*** Input data Section Begins ***

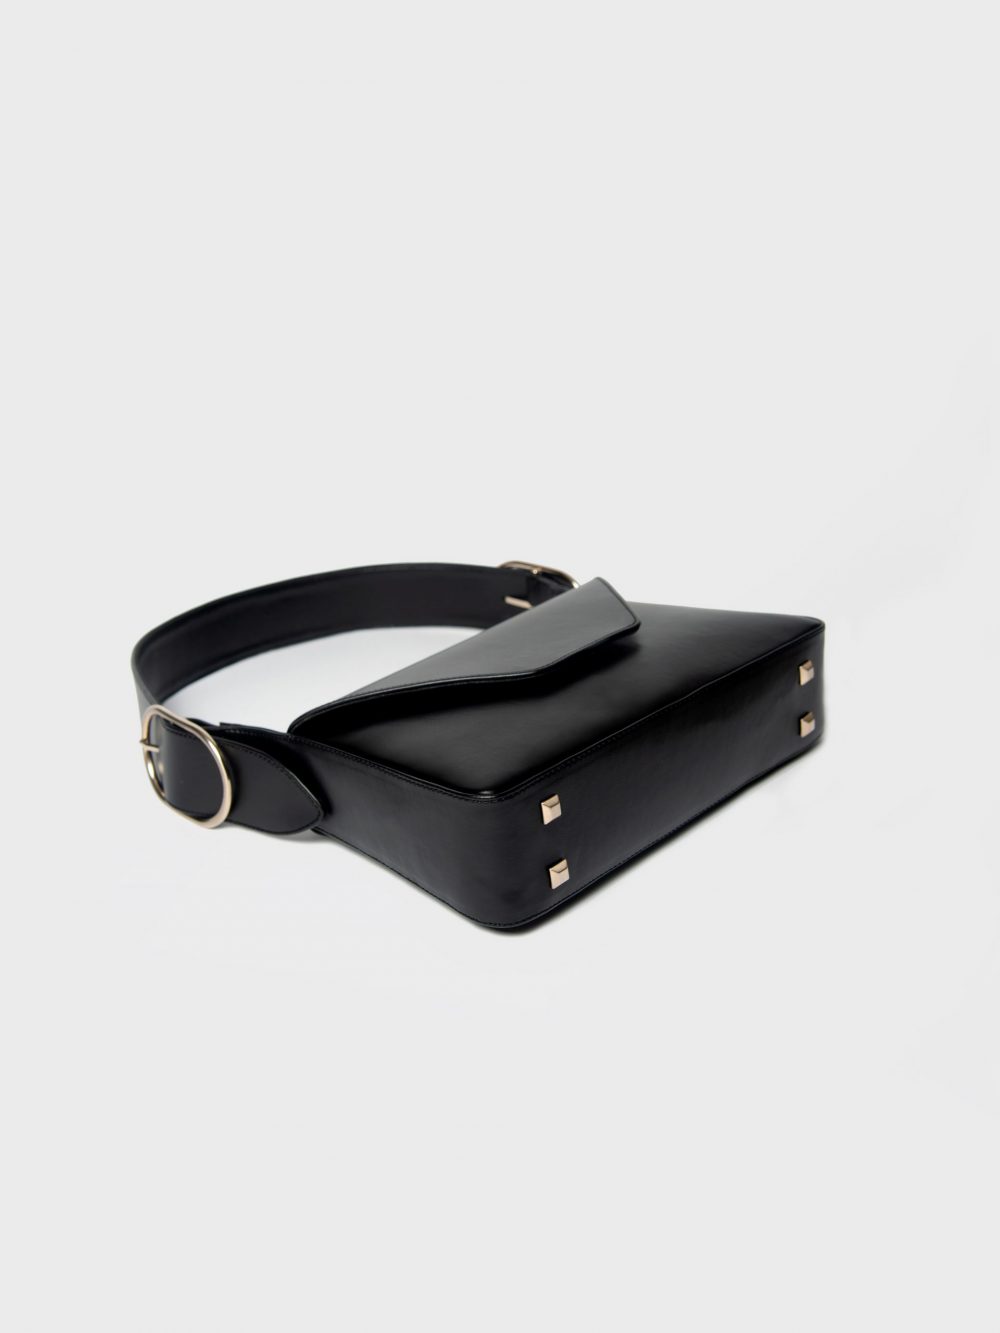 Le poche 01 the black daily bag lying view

*** Input data Section Ends ***
*** Input data Section Begins ***

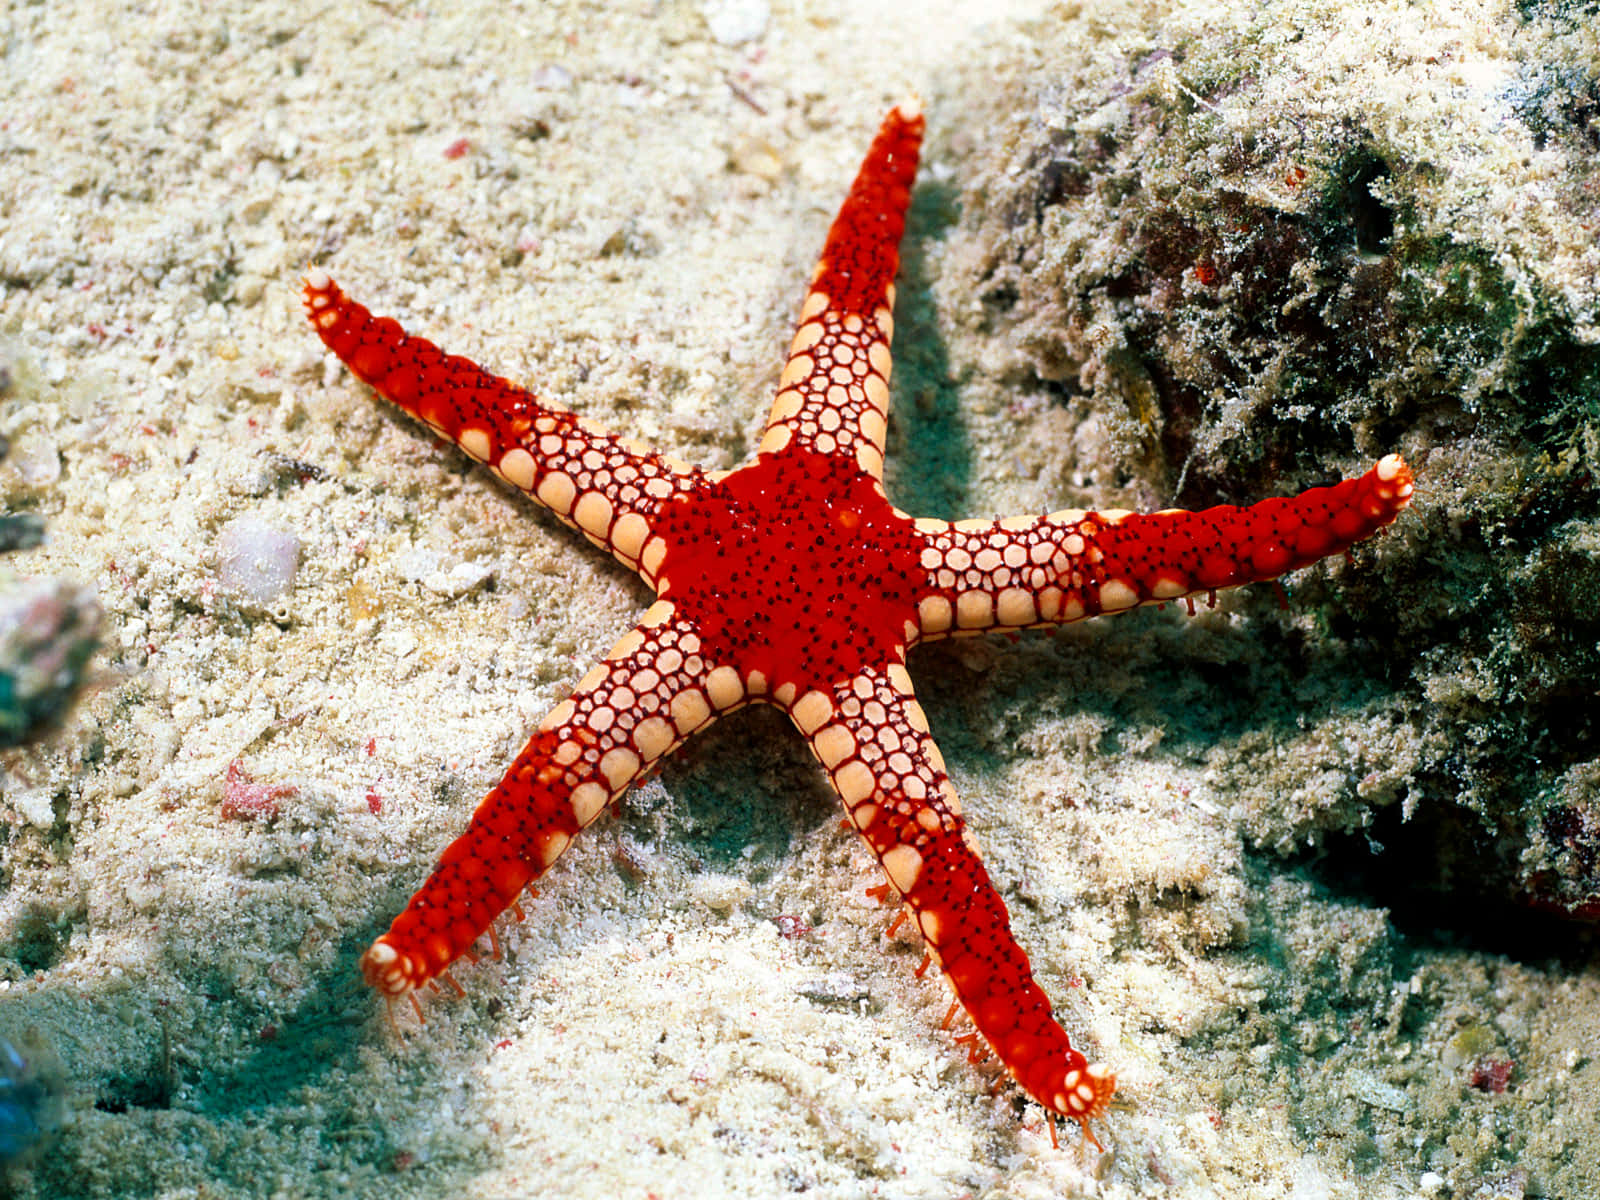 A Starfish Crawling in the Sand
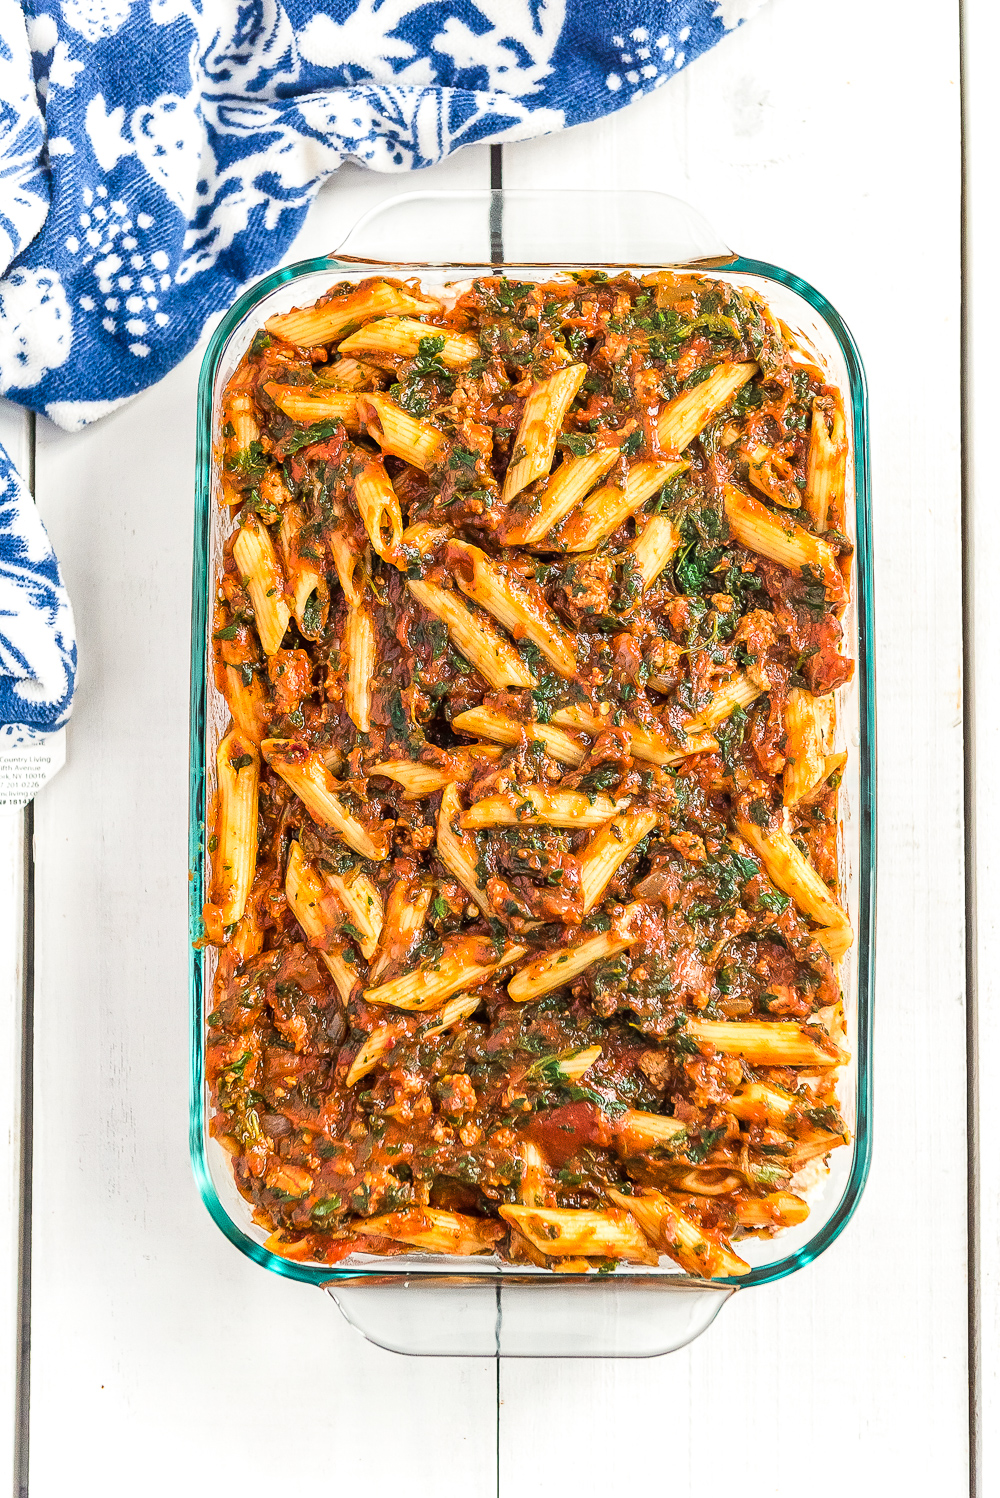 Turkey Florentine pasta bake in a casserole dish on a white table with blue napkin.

*** Input data Section Ends ***

(Exercise directions): Output exactly the lines above, beginning at the one with "A Starfish Crawling in the Sand" and stopping after the one with "Turkey Florentine pasta". Pictures are to be omitted.

(Response for this exercise):
 A Starfish Crawling in the Sand
 Turkey Florentine pasta bake in a casserole dish on a white table with blue napkin.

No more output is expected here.